でも自分の事は自分でする選手たちなら、マネージャーの手伝いは必要ありません。そして本来なら、身の回りは当然自分で管理・整頓するのが筋です。

ではマネージャーは一体なんのために必要なのでしょうか?

それを問い掛けた出来事をご紹介しています。それでは前回の続きからいきましょう。

▼一緒に練習しよう

僕は2年生の主任マネージャーと1年生マネージャーに、お願いしたことを行動に起こしてほしいと再度頼みました。

体育館の真ん中で懸命に走っている選手の様子をよく観察して、必要なら声を掛けて休ませる行動を取るためには、コートの中にいる必要があります。外にいては何もできません。

さらに、マネージャーは実技こそしませんが練習という活動には必要な存在として参加していて、選手とコーチとマネージャーと、そこにいるみんながチームづくりをしているのです。

選手だけが汗を掻くことがチームづくりではありません。だったら選手だけいればよろしい。

マネージャーも主体者としてものづくりに加わっているのですから、チームが良くなるためにできることがあればどんどん動くことが当然ではないでしょうか。

チームとして、選手もマネージャーも支えの一人、みんな一緒です。

▼練習は私たちの範囲ではないという感覚

日本的なマネージャーの仕事がそうなっていないため、いや本当はちゃんと育てれば敏腕マネージャーになるのですが、そうしないでいる場合がほとんどなので、つまらなさそうに、暇そうに、生気の抜けたうつろな顔で、Tシャツの袖を伸ばして手を隠し、髪の毛をずっと触り続け、ときには選手に平然と無駄話を持ちかける、そんな光景をたくさん見ます。

もう一度、ここはオブラートに包まず、事実を言います。

それをものすごくたくさん見ます。

今回紹介しているチームのマネージャーがそうだとは言っていません。どちらかと言えば、しっかり仕事をする子らです。1年生マネージャーなんて、肌身離さずノートとペンをぎゅっと握りしめているのですから。大変な勉強家です。
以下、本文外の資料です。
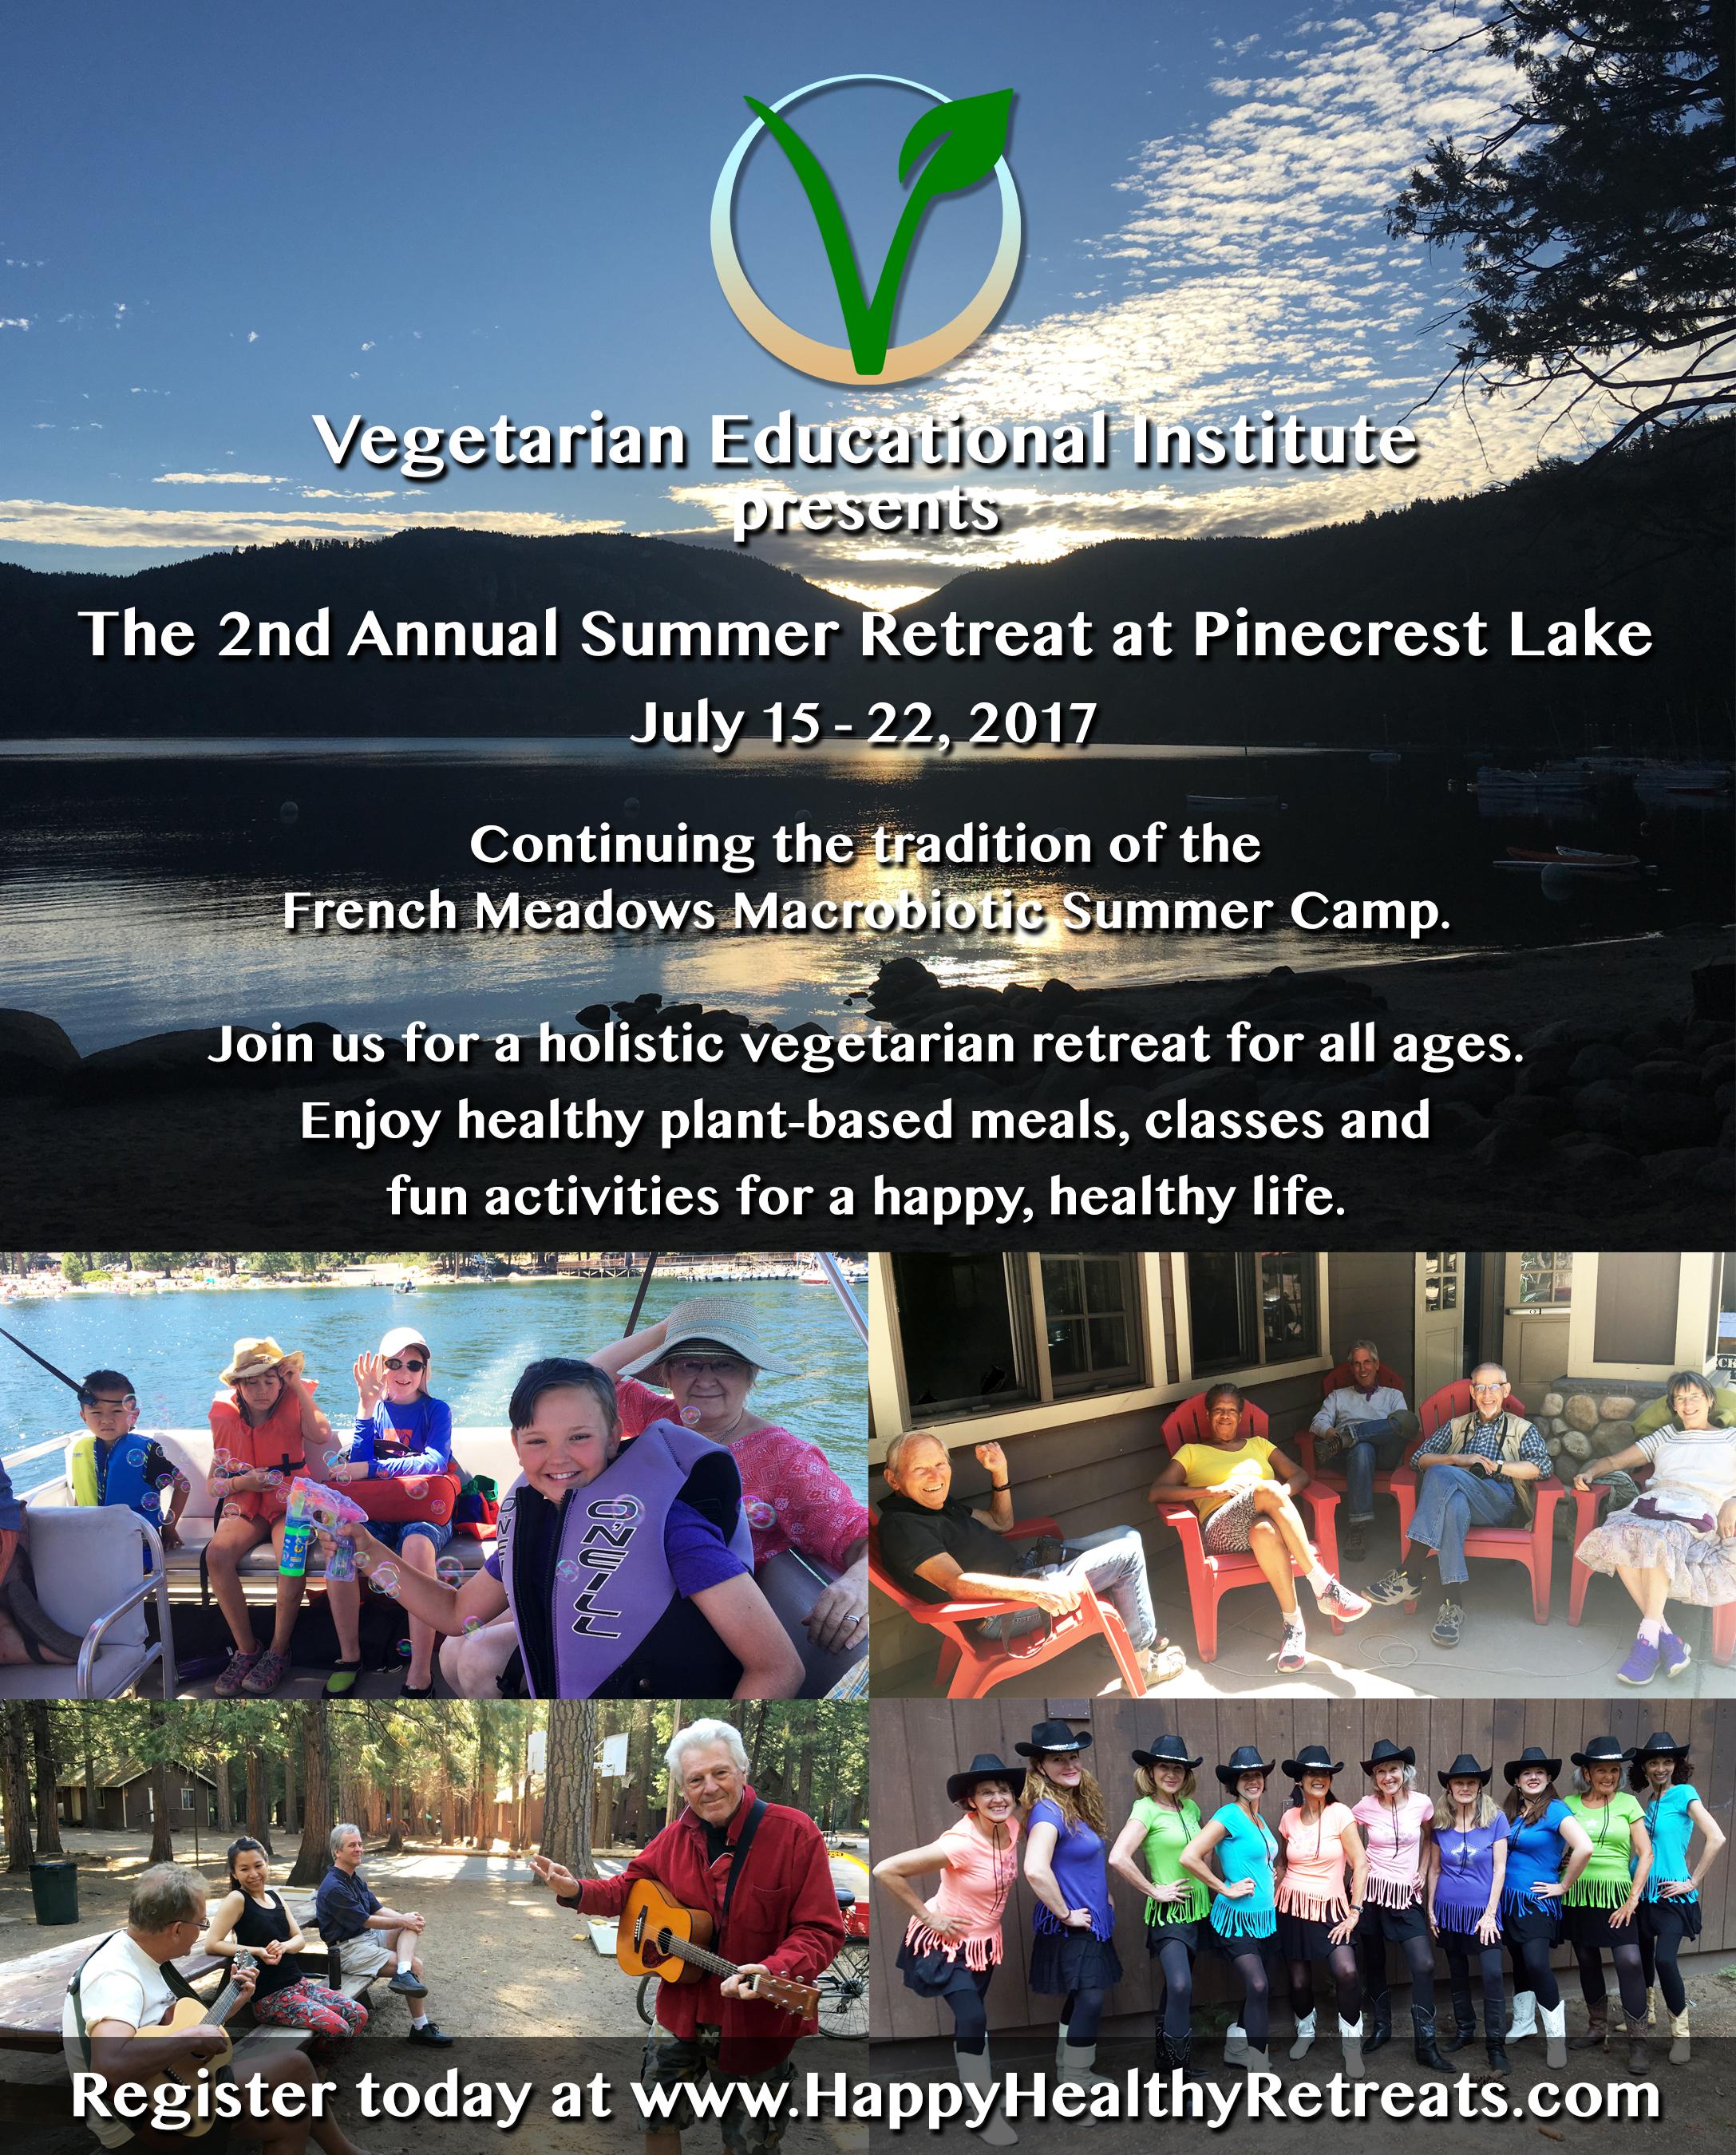 Vegetarian Educational Institute Summer Retreat 2017

ただ日本の当たり前が、彼女たちの主体性を消してしまっています。主体性の話は何度も本レポートで書いていて、さらにはブログやSNSでもお話ししています。

前回申し上げたように、日本の部活動的マネージャー像は、身の回りを世話してくれる「お手伝いさん」です。だから練習には参加しません。
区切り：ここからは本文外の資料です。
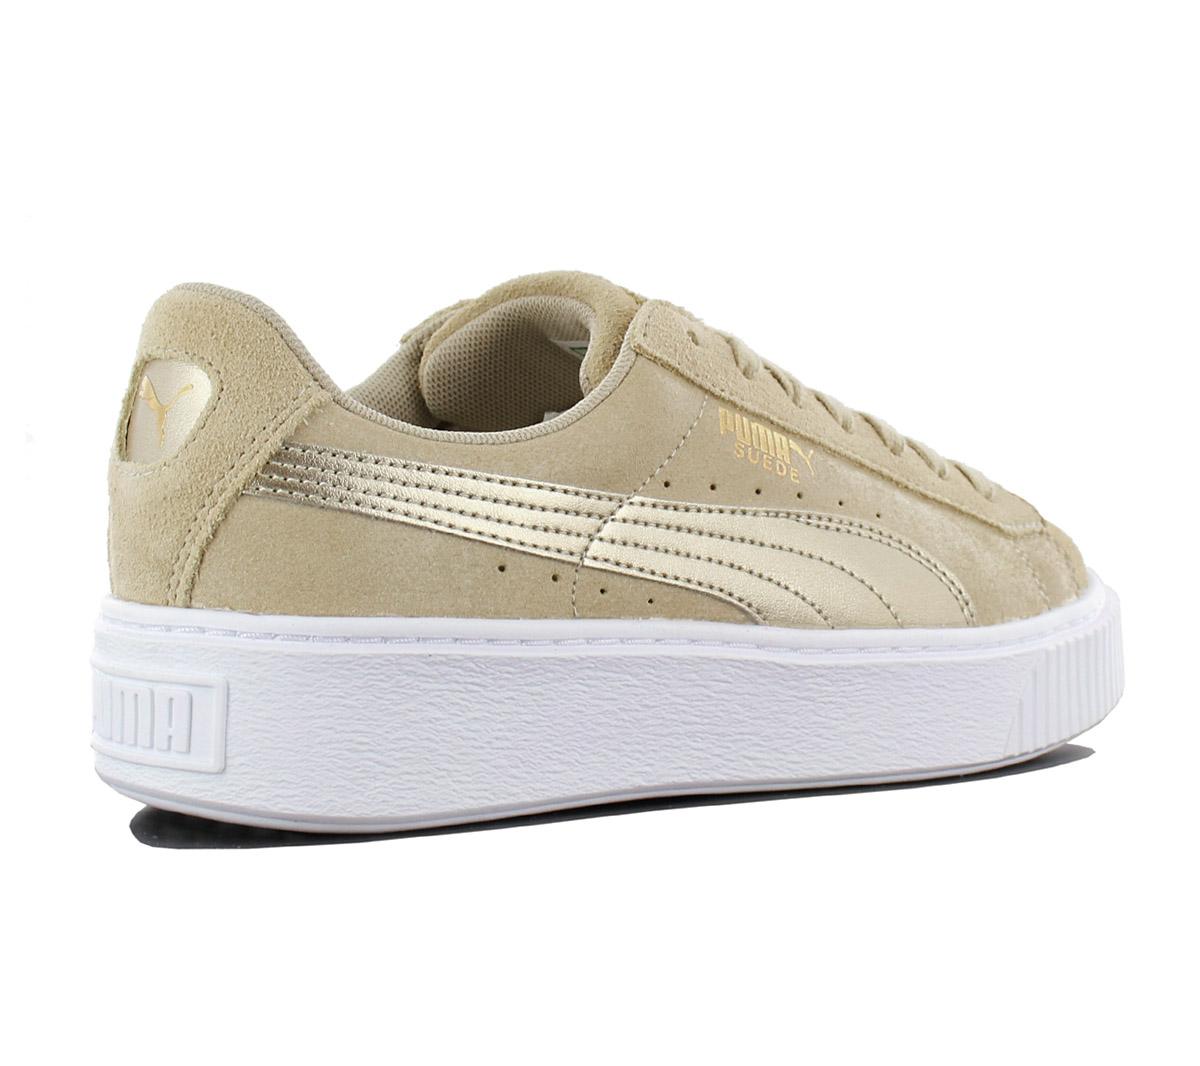 Details zu Puma Suede Platform Safari Damen Sneaker Leder Schuhe 364594 01 Beige Turnschuhe

実技をしないという事ではなく、「そこは私たちに関係のない領域」という感覚でいます。練習は選手の場所であると。

たとえ人手が足りていなくて、自分が入ってあげたら埋まるのに、目の前に起きている事に対して何も手を貸そうとしません。

この日、バーベルを担いでスクワットをしたのですが、体育館でトレーニングしているので両脇にサポートが必要でした。最初と最後にバーベルを持ってあげるためです。

人数が足らず、片方に人がいない状況が目の前にあるのに、それを見ていてマネージャーは行こうとしません。
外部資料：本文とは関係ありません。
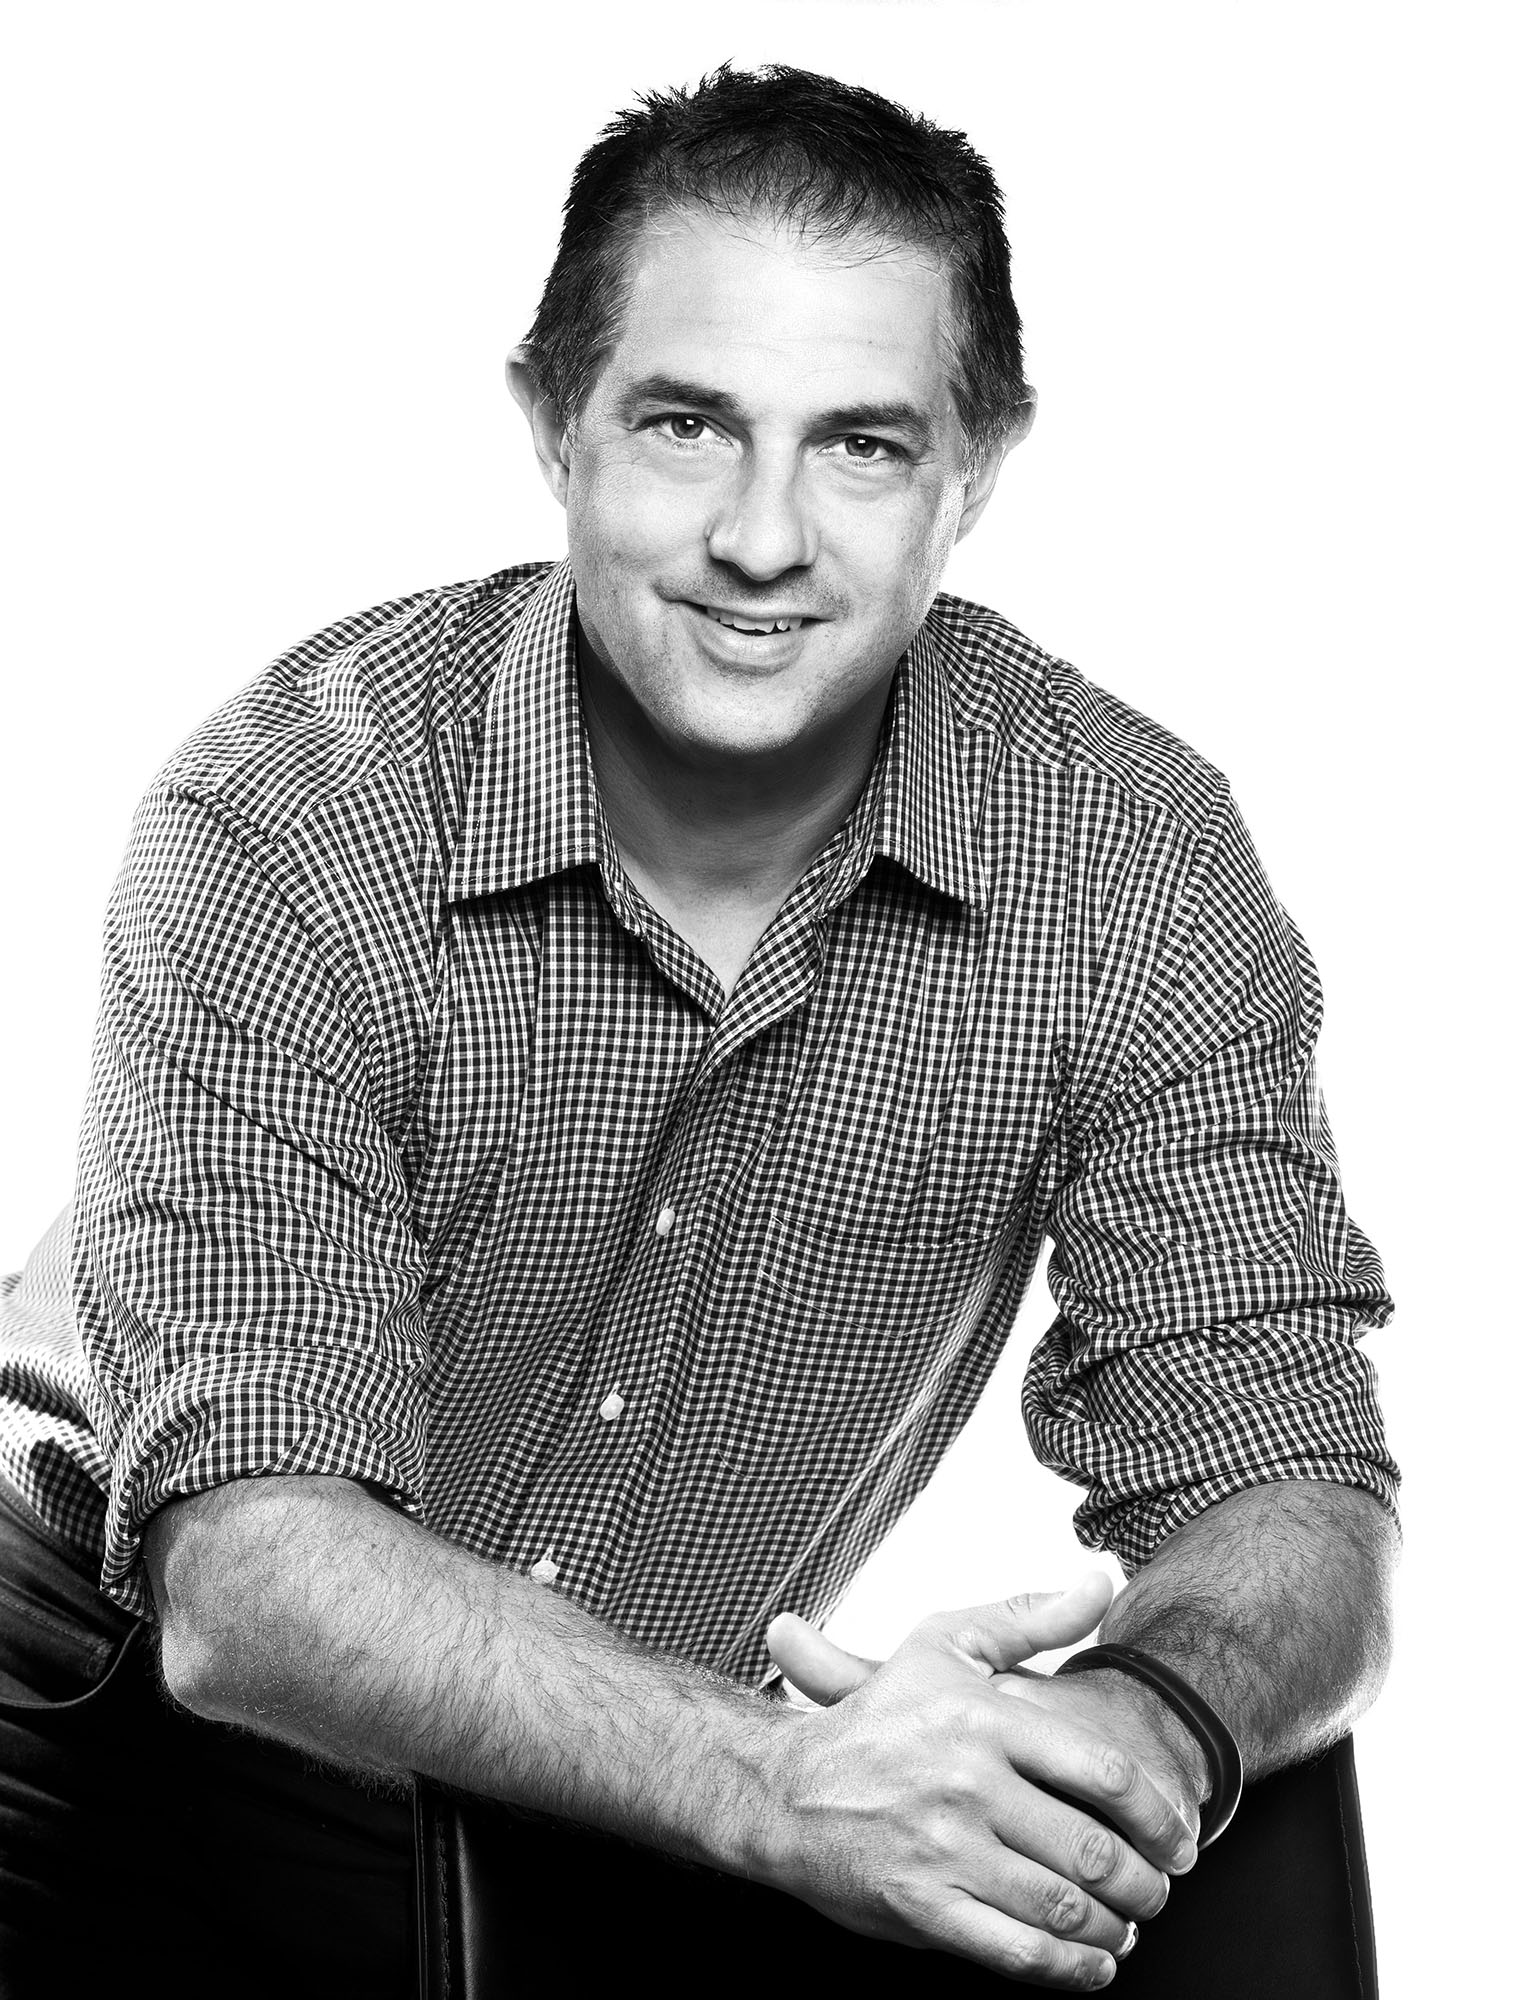 Randall Peg Peters

どうしてか。自分の関わるところじゃないと、はじめから決めているからです。

決めているのか、決まっていると思っているのか。どちらだと考えますか?

僕は日本的なマネージャーの在り方そのものの問題だと考えています。マネージャーとはそういうものだと信じているので、ハナから考えることもしません。

だから誰かが意図的にえぐって掘り起こして、問題提起しなくてはいけないんです。

▼トレーニングのアドバイスをしてほしい

一人の1年生マネージャーには、
「ノートはまずいらないから、積極的に練習に参加して、実技はしなくても選手と一緒にトレーニングについてあれこれ言ったりおこなったりしてほしい」
という旨を伝えました。

バーベルを持ち上げてやったり、その準備と片付けをしたりすることは、選手かマネージャーかに限定はありません。一つの練習をしている部員なのですから、選手らとなにも変わらず同じように行動すれば良いのです。

さらに、トレーニングの方法にしても、説明と違っているところがあれば教えてあげたって良いのです。マネージャーがそれを言って、なにを悪いことがありますか?

姿勢が崩れているよとか、脚の開きが説明と違うよなど、僕のレッスンを一緒になって聴いていれば、実技中に選手へ伝えてあげられるはずです

重いバーベルを担いで必死になっている選手は、気がそこまで回らないものです。間違った方法で練習してしまうなんてよくありがちなことなのですから、マネージャーの活躍する出番ではないでしょうか。

それこそがチームづくりに寄与する行動です。